Another detective wrote: "Mr. Baldwin was asked if he would be willing to give a statement at the Santa Fe County Sheriff's Office, at which point he stated, 'I will do whatever you tell me to do.' "
In the hourlong interview, a somewhat calm Baldwin recounted the moment the fatal shot was fired, a video shows.
Sitting in a sheriff's office interview room, the actor told two investigators he was handed the revolver by Gutierrez-Reed, whom he said handled firearms "99 percent" of the time, for a scene in which he was supposed to slowly reveal the gun before opening fire.
He said Hutchins was standing in front of him because it was a rehearsal and the gun should have been "cold," or without live rounds.
"I take the gun out slowly.
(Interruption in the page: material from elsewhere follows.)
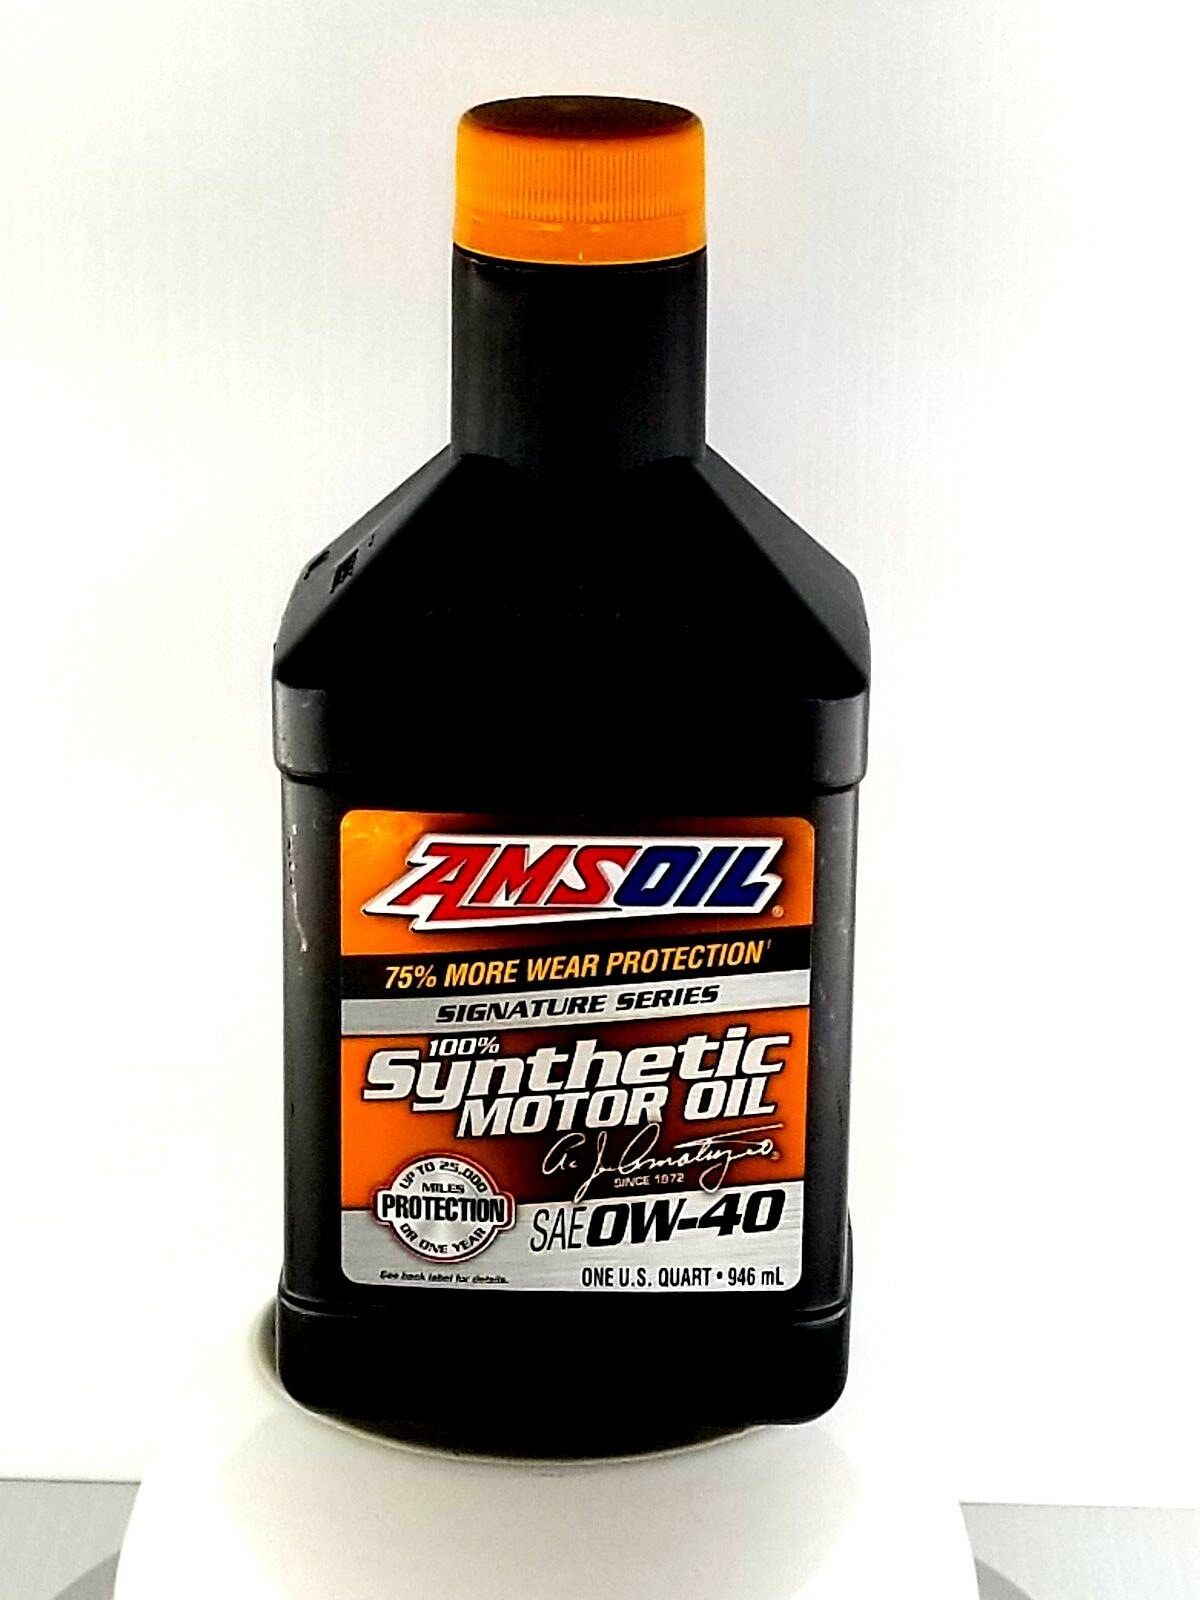 Amsoil signature series synthetic. AMSOIL 0w40. AMSOIL 20w40. AMSOIL Signature Series 0w-40. AMSOIL 0w40 1л.

I turn and cock the pistol, and bang — she goes down, he goes down screaming," Baldwin told investigators.
"It's supposed to be cold gun, nothing, no flash charges, nothing," he later added. "Now this is a puzzle to me, and this is making me very emotional. In my time ... I have never seen a theatrical flash round where the material went through someone's armpit, came out their body and hit someone in the shoulder."
Baldwin questioned whether the department was investigating if a live round had struck Hutchins and Souza.
He also told investigators the set had been incident-free since shooting had started two weeks prior.
He asked if he was facing charges, and investigators responded it was just an interview.
Shooting rattles armorer
Gutierrez-Reed appeared far more rattled by the incident.
A report says she was sitting in the back of a patrol unit after the shooting and had been examined by medics "due to her hyperventilating."
She was more hesitant about speaking with investigators until she could first speak with an attorney. She then agreed to answer "some basic questions," according to a video of her interview.
Investigators told Gutierrez-Reed she was being interviewed "because she was there."
She told them she had "dummied the guns up with dummy rounds," and when they returned from lunch "that happened."
She and Baldwin were the only people who had held the gun before a lunch break, and then the assistant director, David Halls, held the gun while sitting in for a shot, she said.
All the guns were locked up during lunch, she said, but the blank rounds were left on a cart.
She said she shook all of the dummy rounds, and they "all showed that they were not hot" and did not appear to be tampered with.
Halls, who is identified in reports as a safety coordinator, also has been a central figure in the investigation. Some witnesses have told detectives he handed the gun to Baldwin just before it discharged, according to reports.
One investigator wrote in a report: "I asked Dave what the protocol was for live ammo, to which he said real bullets were never used. I asked if there were any protocols to ensure live ammo does not make it on set, to which he replied no."